Years ago, I was on the lot at Paramount Pictures in Hollywood for a story pitch session.  And, as I was early, I decided to grab lunch at the commissary.

Now, the commissary was one of my favorite places in the world because I never knew whom I might see – actors and actresses, directors and studio execs.

For a young writer like me, this was like having all of Hollywood in one place.

I got my lunch and found a place at a table with a veteran actor (we’ll call him Bob) and a studio executive named David, both of whom I knew from my time pitching to Star Trek.  As we ate, we talked about the business and politics and the world. Being a bit bold, I asked a question that had bothered me for some time.

“Bob,” I said, “I train writers – both screenwriters and novelists – and I’ve always wanted to know something. If you don’t mind my asking, what are your absolute favorite roles to play? The ones that absolutely draw you doing a particular script?”

It seemed to me to be the obvious question. Almost every novelist and certainly every screenwriter I had ever met had a burning desire to see their story turned into a movie and to hear their words spoken on the big screen – I know it had been a turning point in my own career. So, if I knew this, I could improve both my own work and the work of my students.

But the real question here was – how does one write a role that an actor really wants to play?

Bob thought about it a bit and said, “I guess I have three types of roles that make me want to do a picture.” He smiled and said, “And so, in the tradition of building suspense, I’ll give them to you in reverse order.”

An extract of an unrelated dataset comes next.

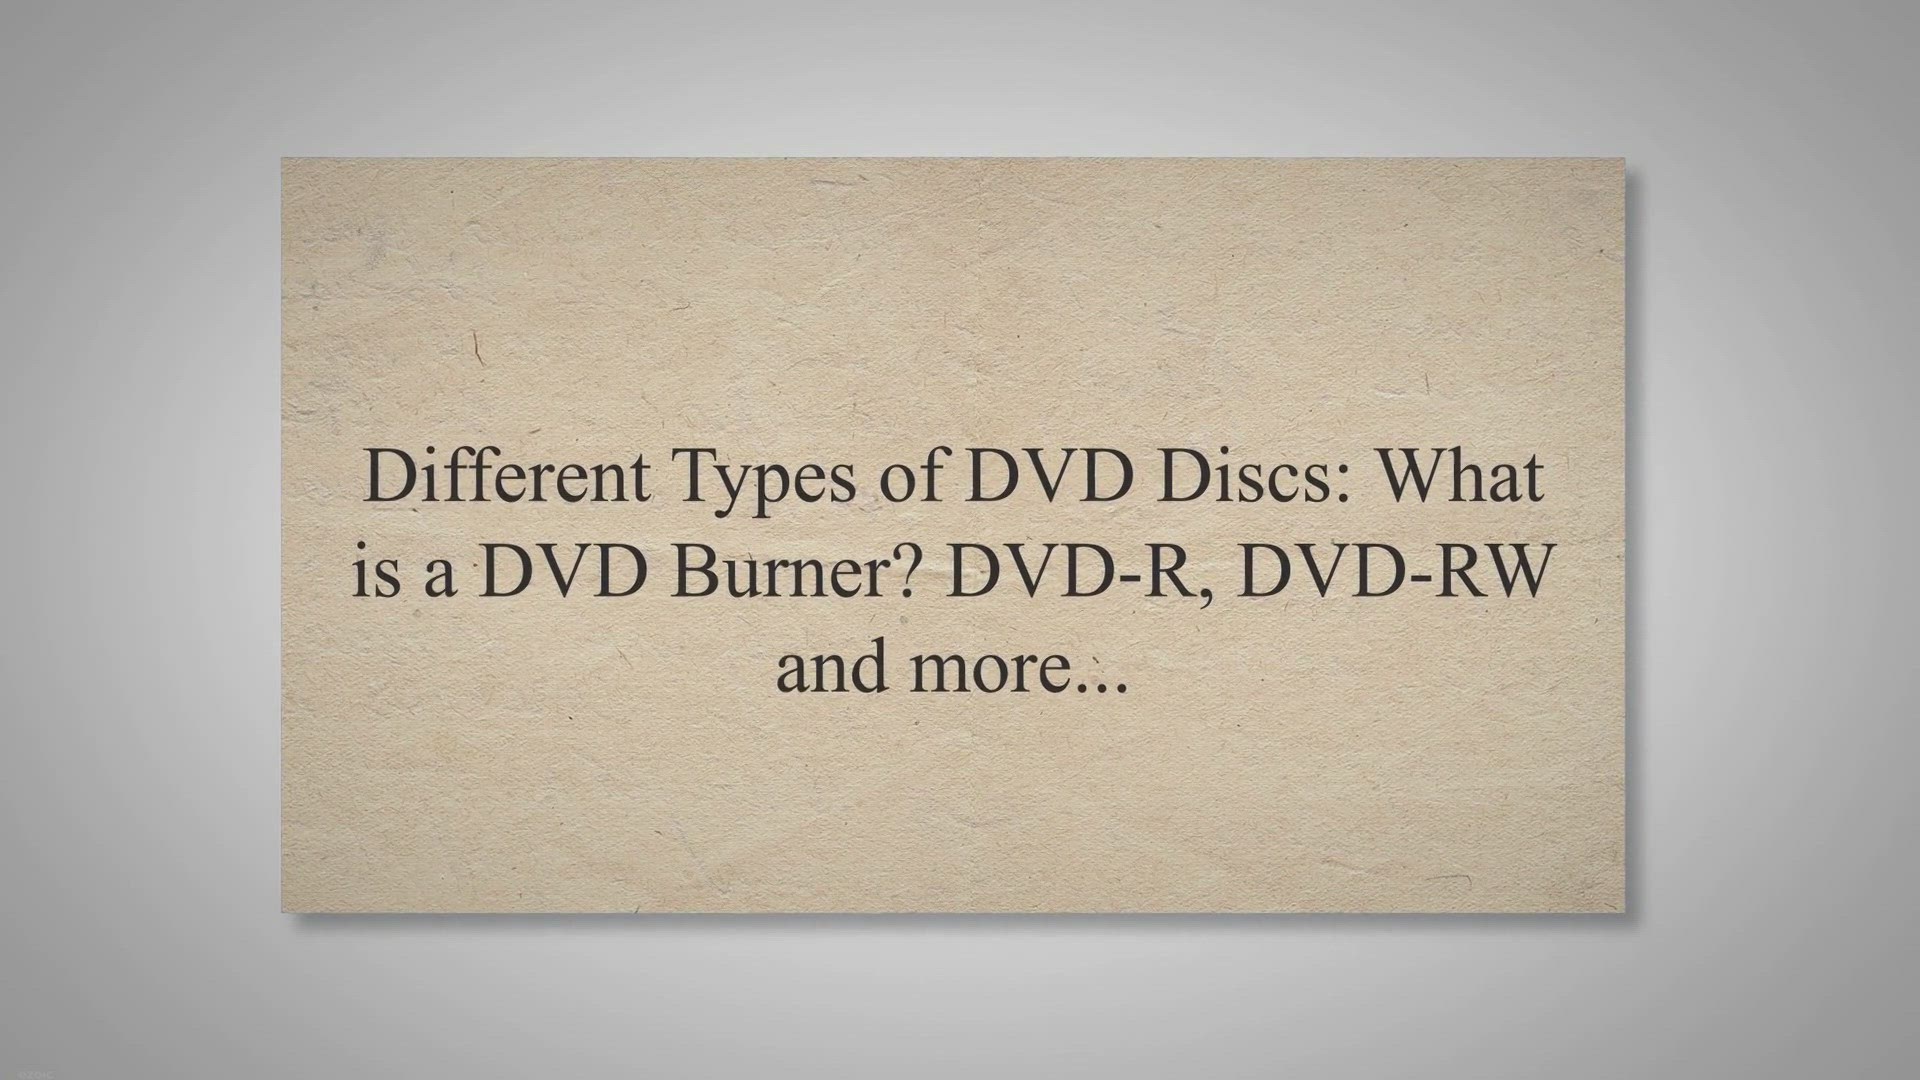 DVD-R Definition - What is a DVD-R disc?
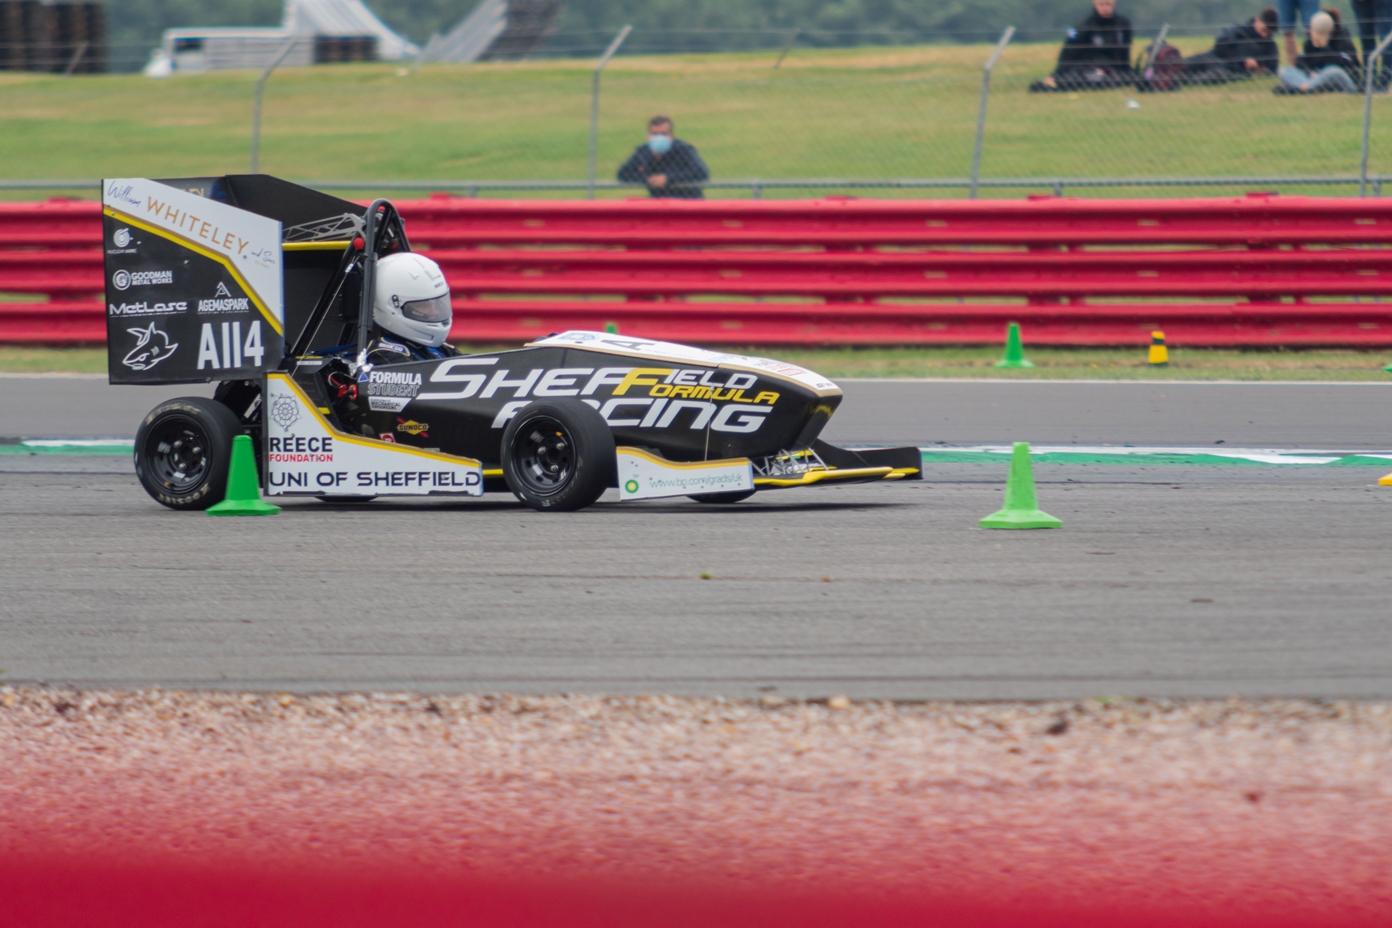 Sheffield University powered home to victory in the Formula Student championship

And what he said next really surprised me.

“My Number Three choice would always be to play – The Hero.”

“Really”, I said. “Number Three?”

“Absolutely!” he said through a mouth full of salad. “In a well-written piece, the hero is the most powerful role. He or she should get all the great lines and the powerful scenes and gets most of the publicity. A movie is made up of perhaps sixty separate two- minute scenes, and it was Jack Nicholson who once said that he would consider playing any role that had for him three good scenes and one great one. Plus, when you’re playing the hero, the story is all about your journey, the focus is on you, so what’s not to like?  If it’s good enough for Jack . . .”

Made sense, I thought.

“So, yeah, absolutely,” Bob said. “But, really, the Hero’s not even the best role.”

“Okay,” I said. “What’s Number Two?”

“The second best role to play is always – The Villain.  The villain is where so much of the power and personality comes through. The range for most heroes is limited because of what they must stand for, but a villain can run the gamut. If for no other reason than the way the audience comes to hate a great villain, most great movies succeed or fail based on the power of the villain and, besides, they are always such a gas to play.”

By this time, I was a bit lost. Besides the hero and the villains, what other great roles were left?

Bob leaned back in his chair and smile wistfully. “But the absolute best role is the one that we are all trained to play, they one that gives us all a chance to show the audience exactly what we can do as actors . . .”

He paused for effect.

“I will always be attracted – first and foremost – to play any character who really suffers in the story.”


“Most people would say that we come to the movies or read a story or watch a play to enjoy the plot of the story. And we have always believed that plot is what draws us to the film. But the plot, from an actor’s standpoint, is only there to show the world the nature and range of human emotion through the actor’s art. Great stories, whether in films, television, or novels, are first and foremost about the truth of the human struggle.”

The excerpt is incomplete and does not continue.